我正在R中执行文本挖掘任务。
1)计算句子
2)识别引号并将其保存在向量中
错误的句号(例如“ ...”)和句点(例如“先生”)。必须处理。
文本正文数据中肯定有引号,并且其中将包含“ ...”。我正在考虑从主体中提取这些报价,并将它们保存在向量中。 (也需要对它们进行一些操作。)
重要说明:我的文本数据在Word文档中。我使用readtext(“。docx文件的路径”)加载到R中。当我查看文本时,与可复制文本相反,引号只是“但不是\”。
path <- "C:/Users/.../"
a <- readtext(paste(path, "Text.docx", sep = ""))
title <- a$doc_id
text <- a$text
text <- "Mr. and Mrs. Keyboard have two children. Keyboard Jr. and Miss. Keyboard. ...
However, Miss. Keyboard likes being called Miss. K [Miss. Keyboard is a bit of a princess ...]
\"Mom how are you o.k. with being called Mrs. Keyboard? I'll never get it...\". "
# splitting by "."
unlist(strsplit(text, "\\."))
问题在于它被错误的句号分割 我尝试的解决方案:
# getting rid of . in titles
vec <- c("Mr.", "Mrs.", "Ms.", "Miss.", "Dr.", "Jr.")

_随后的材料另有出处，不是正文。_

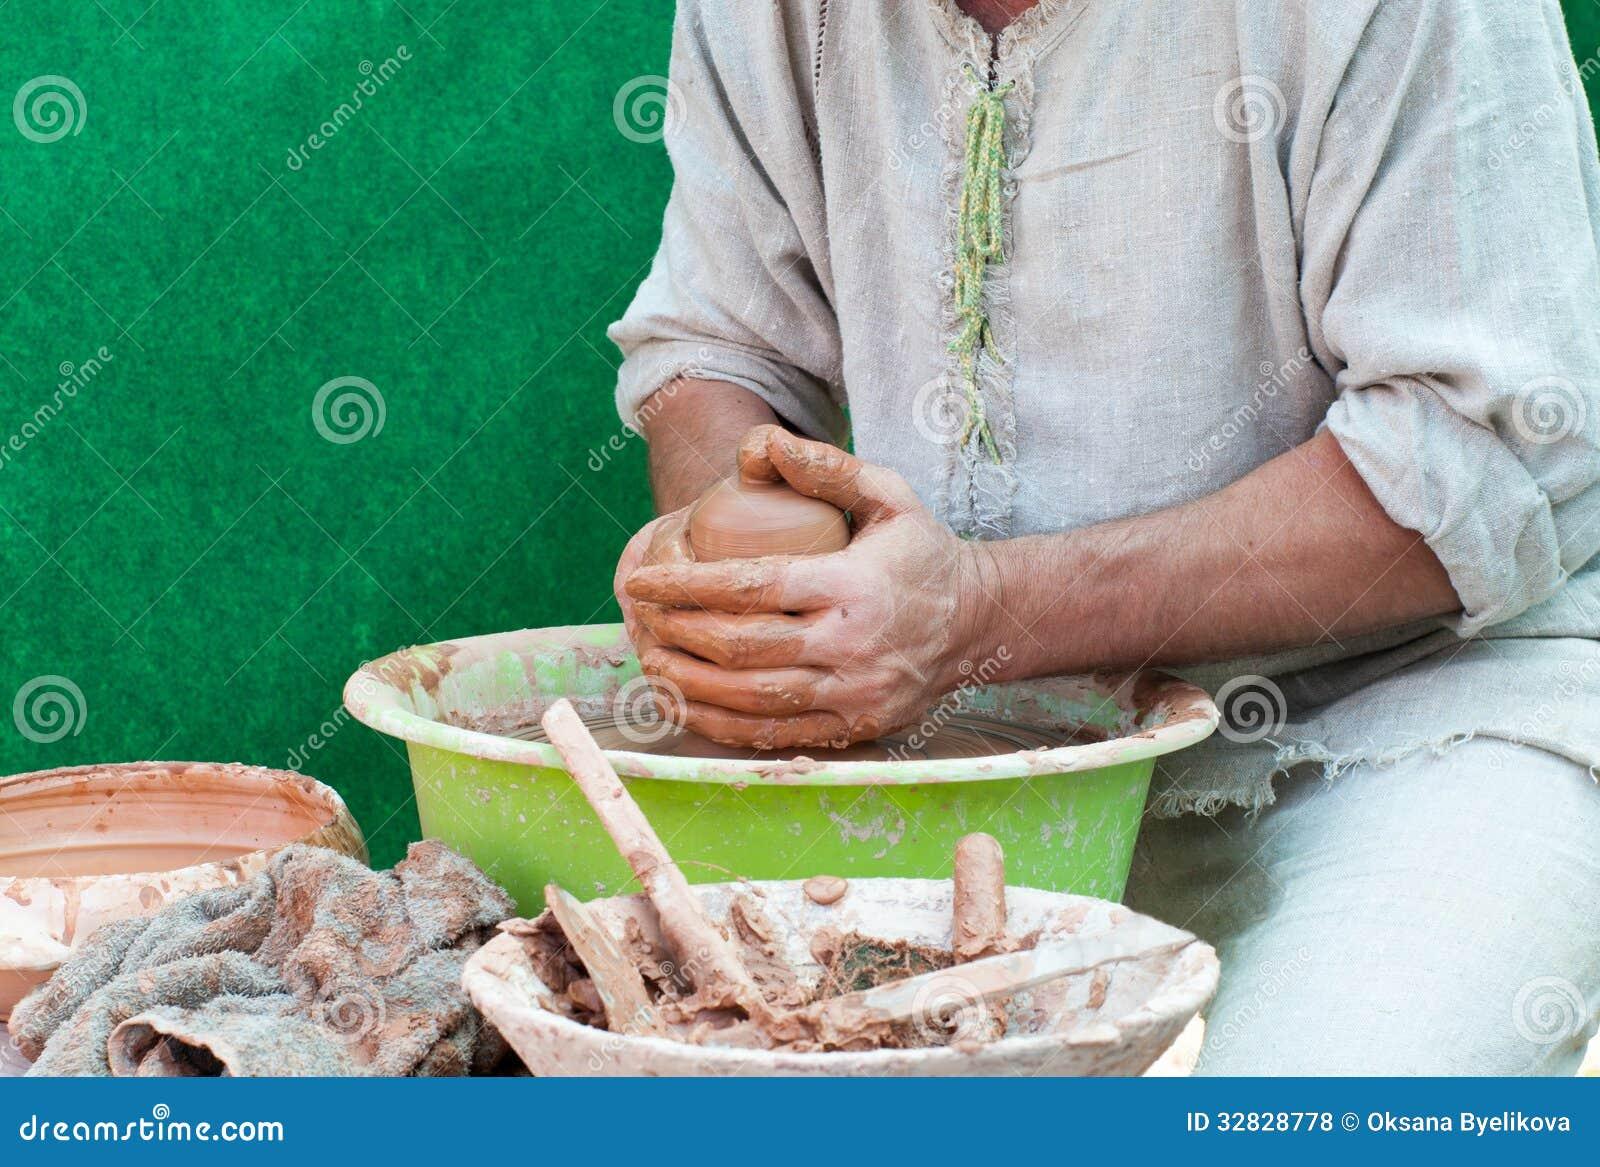 Trabajos del alfarero. Proceso de la creación de la loza en cerámica en el w de los alfareros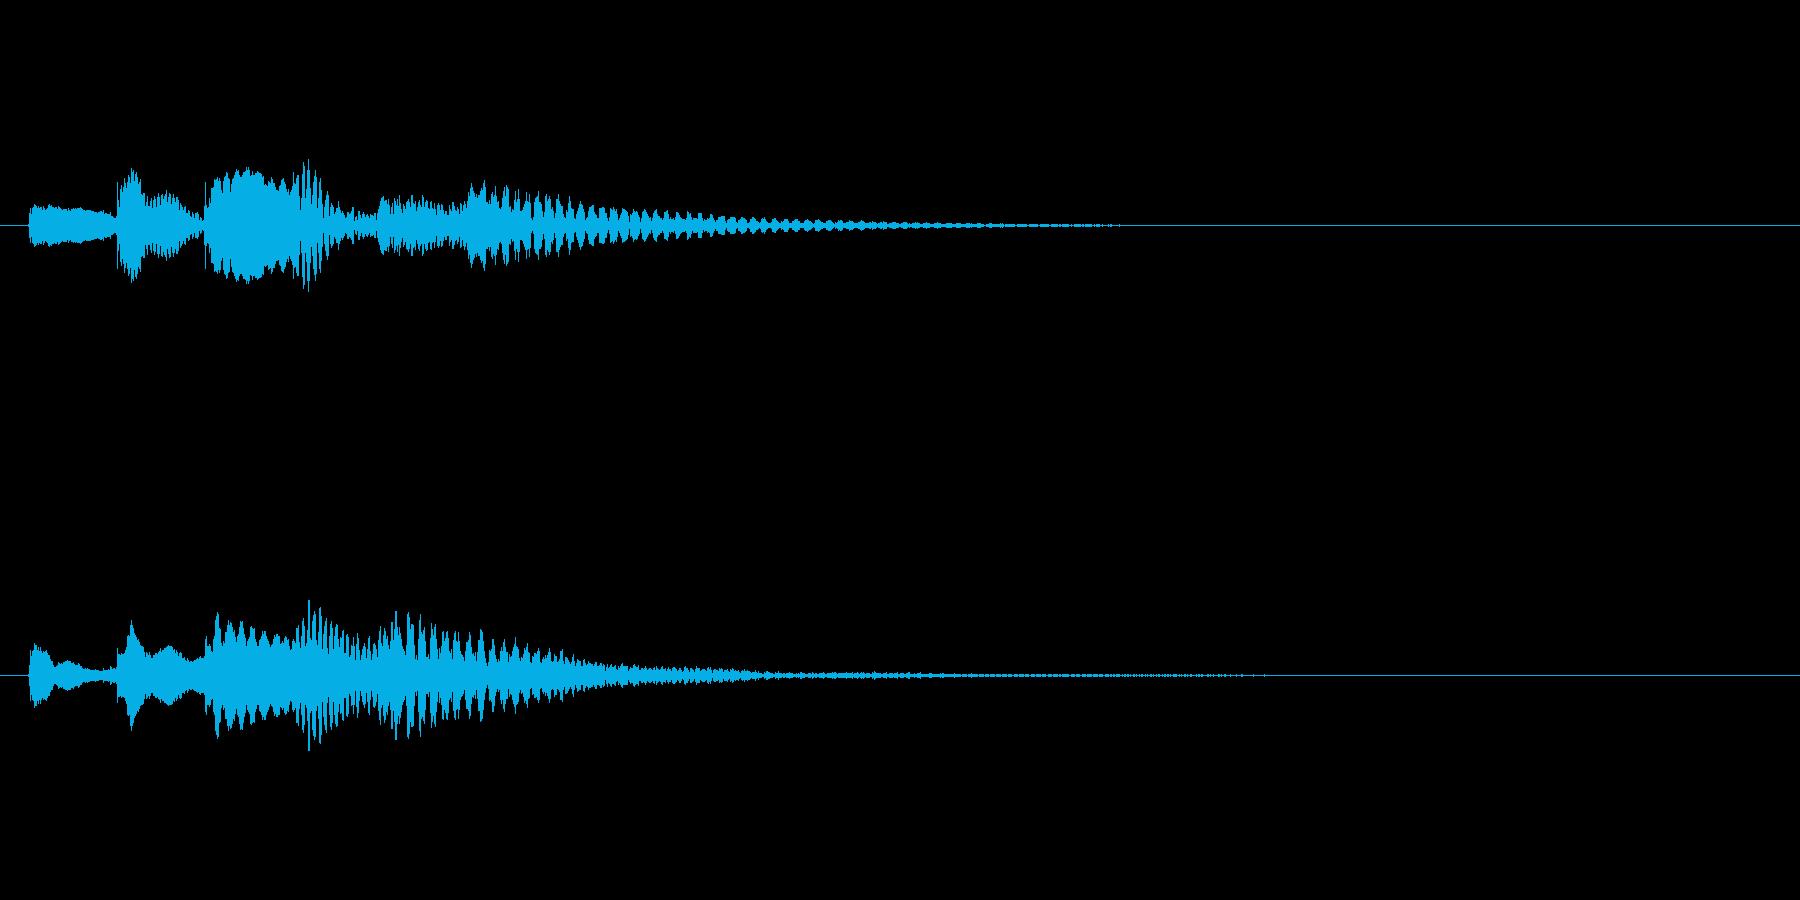 か↑ららららららん↓の再生済みの波形

vec.rep <- c("Mr", "Mrs", "Ms", "Miss", "Dr", "Jr")
library(gsubfn)
# replacing . in titles
gsubfn("\\S+", setNames(as.list(vec.rep), vec), text)
此问题是它不能代替[小姐。由[小姐
要标识引号:
stri_extract_all_regex(text, '"\\S+"')
但是那也不行。 (它与\“和下面的代码一起使用)
stri_extract_all_regex("some text \"quote\" some other text", '"\\S+"')
确切的预期向量是:
sentences <- c("Mr and Mrs Keyboard have two children. ", "Keyboard Jr and Miss Keyboard.", "However, Miss Keyboard likes being called Miss K [Miss Keyboard is a bit of a princess ...]", ""Mom how are you ok with being called Mrs Keyboard? I'll never get it...""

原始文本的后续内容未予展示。